もし会社HPの従業員数が100人未満であれば、零細SES企業です。そのような従業員100人未満のSESを除外することで、零細SESを回避できます。
零細SESを避けたい方は、必ず従業員数をチェックするようにして下さい。
未経験大量採用の企業に注意する
未経験を大量採用するIT企業は、零細SESの可能性が極めて高いです。
「大量採用=人手不足」ということ。従業員の少ない零細SESのため、未経験を募集する求人は避けるようにして下さい。
未経験OKの危険な求人
- 未経験歓迎
- 研修あり
- 文系OK
- 学歴不問
もちろんすべてが悪いわけではありませんが、未経験採用を大量に行っている企業は零細SESの可能性が高いです。
営業人数を確認する
SES企業では、営業力が非常に重要です。
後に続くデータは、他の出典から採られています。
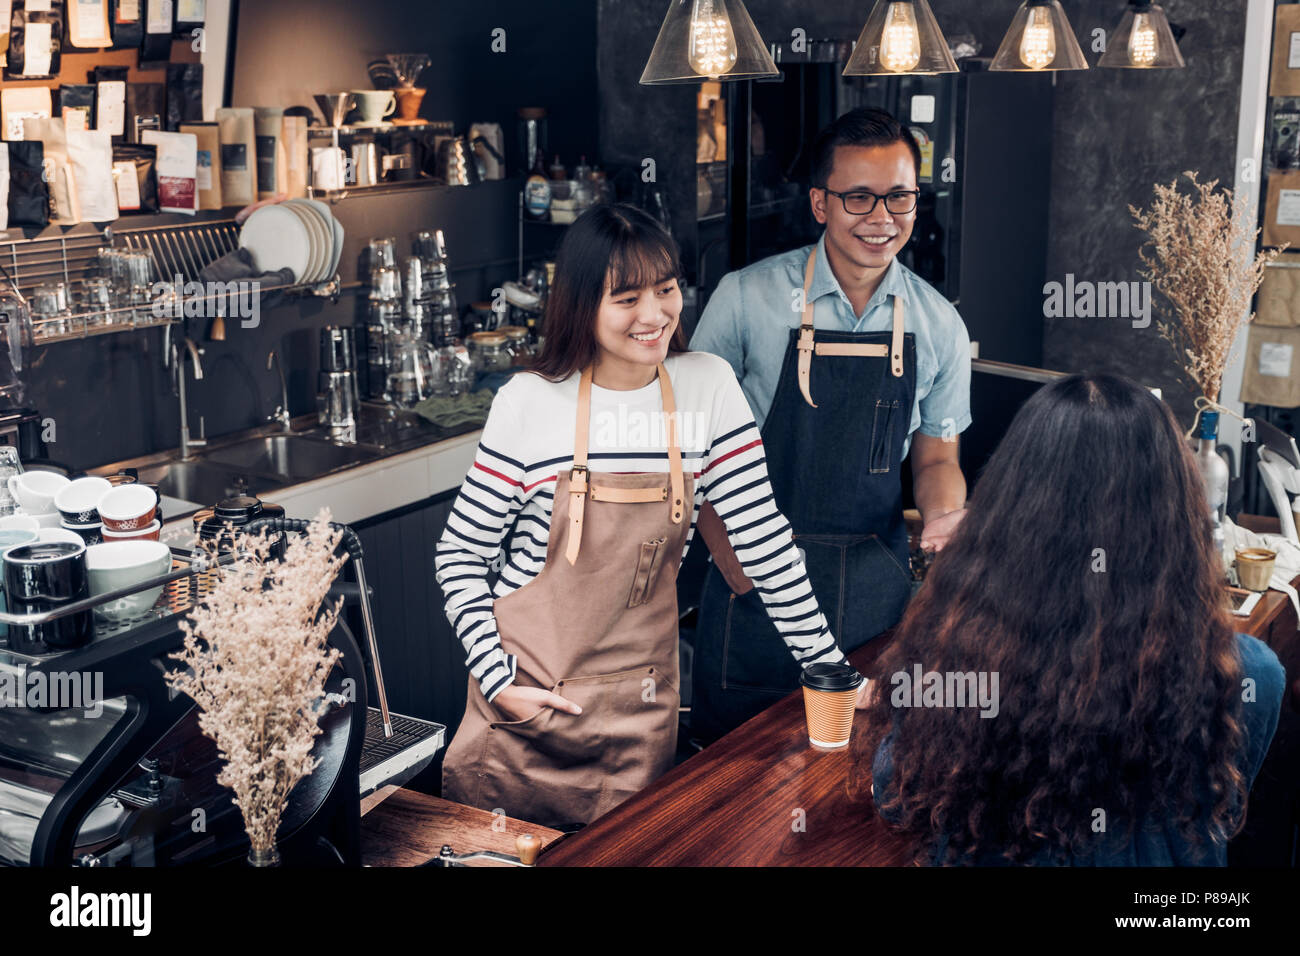 Asien barista Kellner und Kellnerinnen um von Kunden im Coffee Shop, zwei cafe Besitzer schreiben Drink an der Bar, Essen und Trinken Business Con Stockfoto

面接で、営業人数、案件数を聞くと、会社規模が見えてきます。
営業が、下記の場合は、ほぼ確実に零細SESです。
社長が営業していることは、零細SESの典型的な特徴です。
まとめ:零細(中小)SES企業は絶対やめとけ


以上で、「零細(中小)SES企業は絶対やめとけ」の解説を終了します。
下記この記事のまとめです。
零細SES企業の定義は下記の通りです。
- 数名~数十人程度の中小SES企業
- 三次請け以降の案件がメイン
- 社長のワンマン経営もなかには存在
零細SESは、社長の意向が強く反映され、一概には労働環境は判断できません。
しかし、三次請け以降の案件が多く、ブラックな環境になりやすいのは事実です。低年収・激務の傾向があるため、零細SESは辞めておいた方がいいです。